Phosphorothioate modification enhanced the binding affinity of the TTX-binding aptamer by a factor of 2. Complexation of TTX with aptamers significantly prolonged TTX release in vitro, with PS-modified aptamers showing slower release compared to PO-modified aptamers. In vivo, aptamer/TTX complexes significantly prolonged the duration of sciatic nerve block in rats compared to free TTX. The PS/TTX complex increased the duration of nerve block by 7.7-fold compared to free TTX. The effect was specific to TTX, with minimal impact on the duration of nerve block induced by STX or bupivacaine. The optimal aptamer:TTX molar ratio was determined to be 2:1. Dose-response studies showed that aptamer/TTX complexes significantly prolonged nerve block and reduced systemic toxicity at all doses tested, even at doses where free TTX was lethal. Co-administration of epinephrine further prolonged the duration of nerve block with PS/TTX, enabling the use of higher TTX concentrations without causing mortality. In vivo imaging demonstrated significantly longer tissue retention of PS aptamers compared to PO aptamers. Histology showed minimal inflammation and no myotoxicity or neurotoxicity associated with PS/TTX complexes. Similar results showing prolonged nerve block and reduced toxicity were observed using a PS aptamer specific to STX.

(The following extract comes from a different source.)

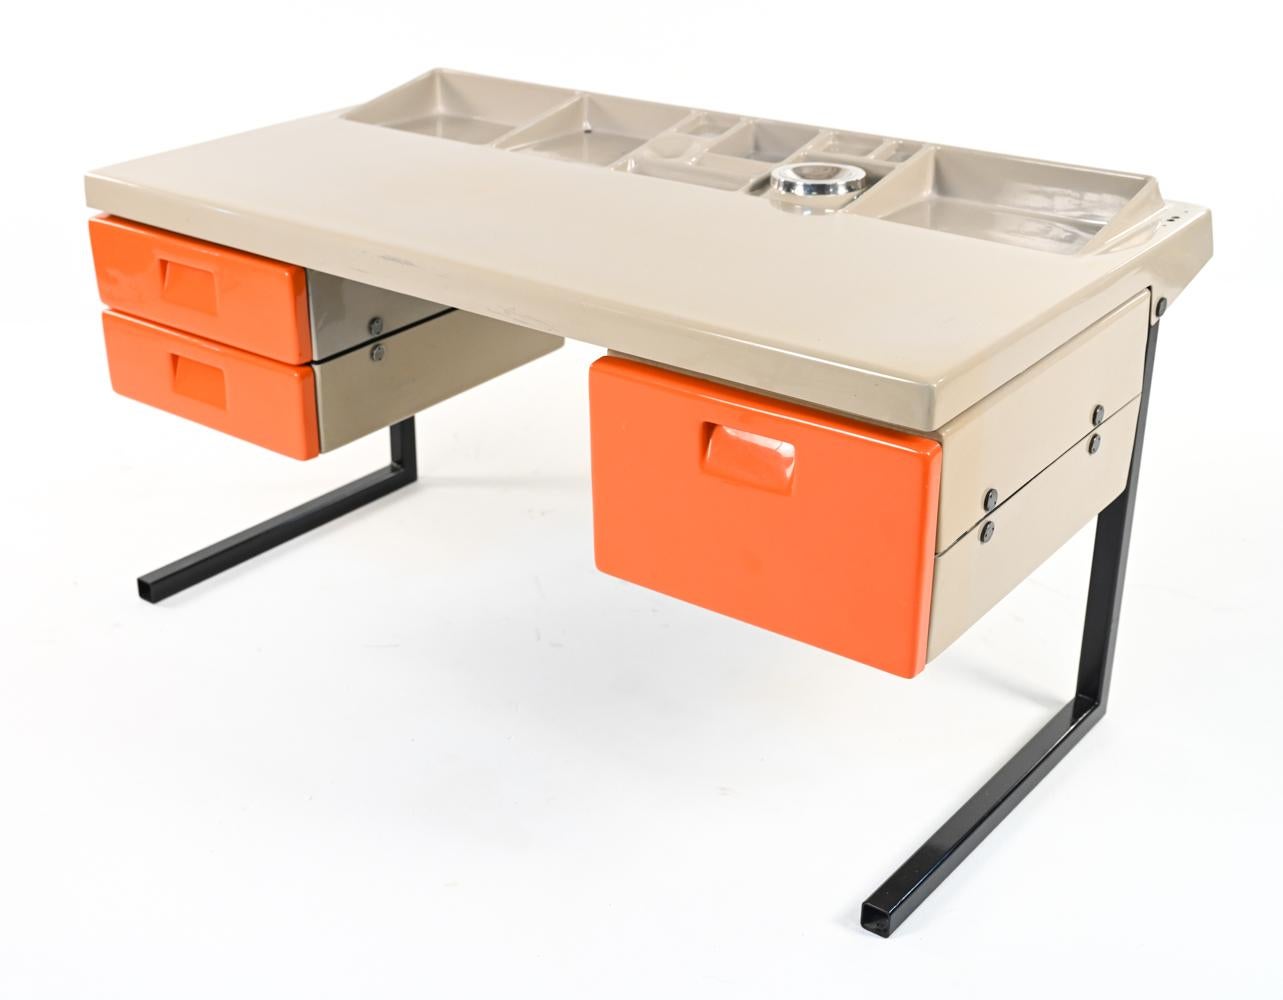 Rare 1970's Jorge Zalszupin L'atelier Space-Age Plastic Desk For Sale 2

This research successfully demonstrated the use of drug-specific DNA aptamers as effective depot-type drug delivery systems for small hydrophilic molecules. The aptamer/drug complexes provided prolonged drug release, significantly extending the duration of local anesthesia and reducing systemic toxicity. The approach offers several advantages: simplicity of synthesis and modification of aptamers, ease of drug loading (simple mixing), and specific drug-aptamer interaction ensuring controlled release. This method could be broadly applicable to various therapeutics, provided specific aptamers can be developed. The study primarily focused on local anesthesia, but the technology has potential for other applications requiring depot drug delivery. The phosphorothioate (PS) modification played a key role in improving aptamer stability, binding affinity, and tissue retention. The unexpected decrease in nerve block duration at a high aptamer:TTX ratio (40:1) requires further investigation. However, the overall benign tissue reaction of the PS aptamers suggests good biocompatibility.

This study provides compelling proof-of-concept for using drug-specific DNA aptamers as drug delivery systems. The method is simple, safe, and effective, particularly for small-molecule drugs. Future research should explore the optimization of aptamer design, the range of applicable drugs, and the potential of this technology for systemic administration.

The study primarily focused on a rat model for local anesthesia. Extrapolation to humans requires further investigation. The unexpected reduction in efficacy at the highest aptamer:TTX ratio needs further study to elucidate the underlying mechanism. While the study demonstrated excellent biocompatibility in the rat model, further exploration is needed to confirm the long-term safety profile in various tissues and species.